The Tansey Miniatures Foundation

The Tansey Miniatures Foundation

Gentleman in Brown Coat with Stripes

Joseph Tassy

The little-known Joseph Tassy painted these portraits of a gentleman and a lady at around 17911. Both sitters are shown in front of a broad park landscape with trees, to which the painter added a balustrade and a female statue in the distance in the portrait of the gentleman. The gentleman turns his body and head to the right, but looks at the observer. He is wearing a brown coat with brick-red stripes and large gleaming buttons.

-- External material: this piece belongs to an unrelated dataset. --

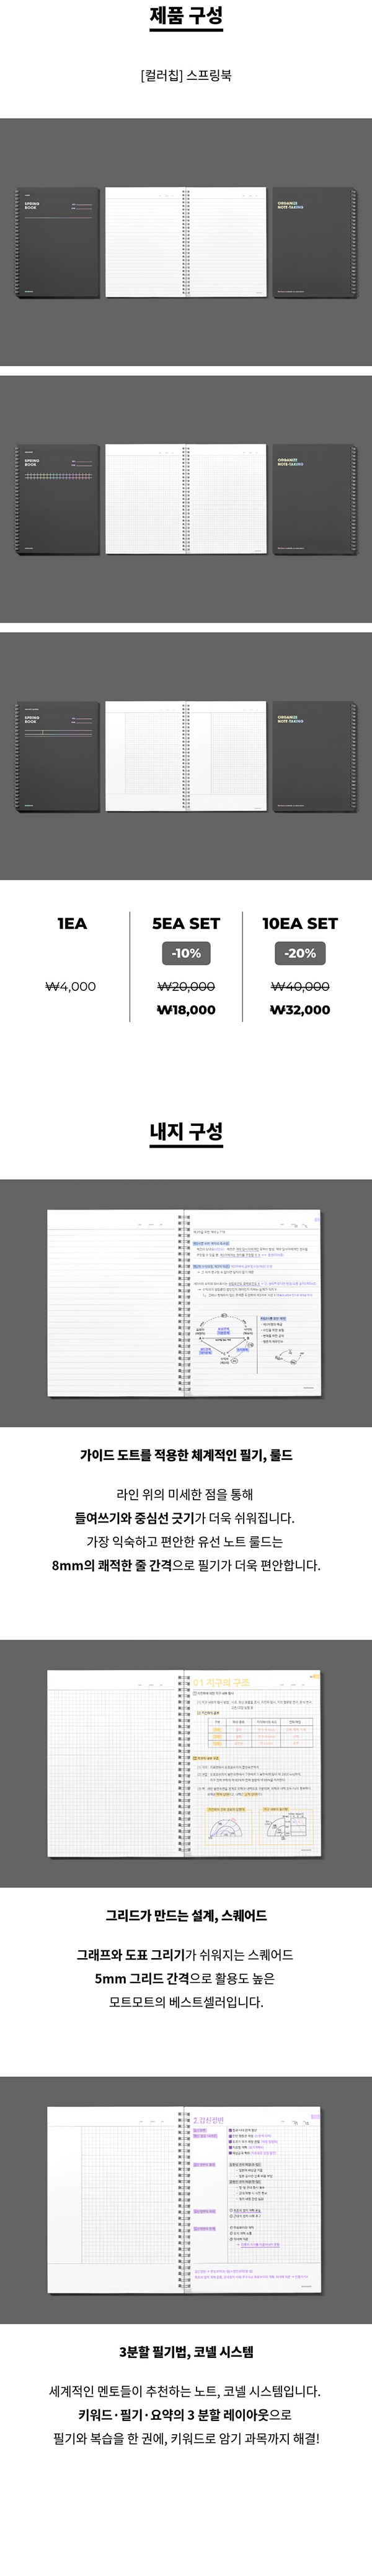 [모트모트] 스프링북 컬러칩 - 다크호스 (코넬시스템)

The lady plays the coquette: she turns her head towards the observer and shows her breast and posterior in profile, emphasised by the fashion of the time. Her dress has a fashionable striped pattern and arose sprig is fastened to her neckline. Her tall, white bonnet is adorned with a blue and red rosette, which originally had a political significance but was probably considered a mere accessory in this context. Since the portrait of the lady is slightly larger than the portrait of the gentleman, it is uncertain whether they were actually intended to go together. However, it seems reasonable to assume that the sitters were somehow related to each other since the portraits were purchased as a pair.

B. P.

1 Although Tassy’s works were praised by some art critics, this was the only year in which he exhibited in the Paris salon. Cf. La Béquille de Voltaire, seconde promenade, 1791, p. 26; Lettres analytiques 1791, p. 76; Petites affiches de Paris 1791, CD 17/449, p. 552. At about the same time Tassy painted the portrait of Adélaïde-Eugénie-Louise d’Orléans with a harp (Musée Condé, Chantilly).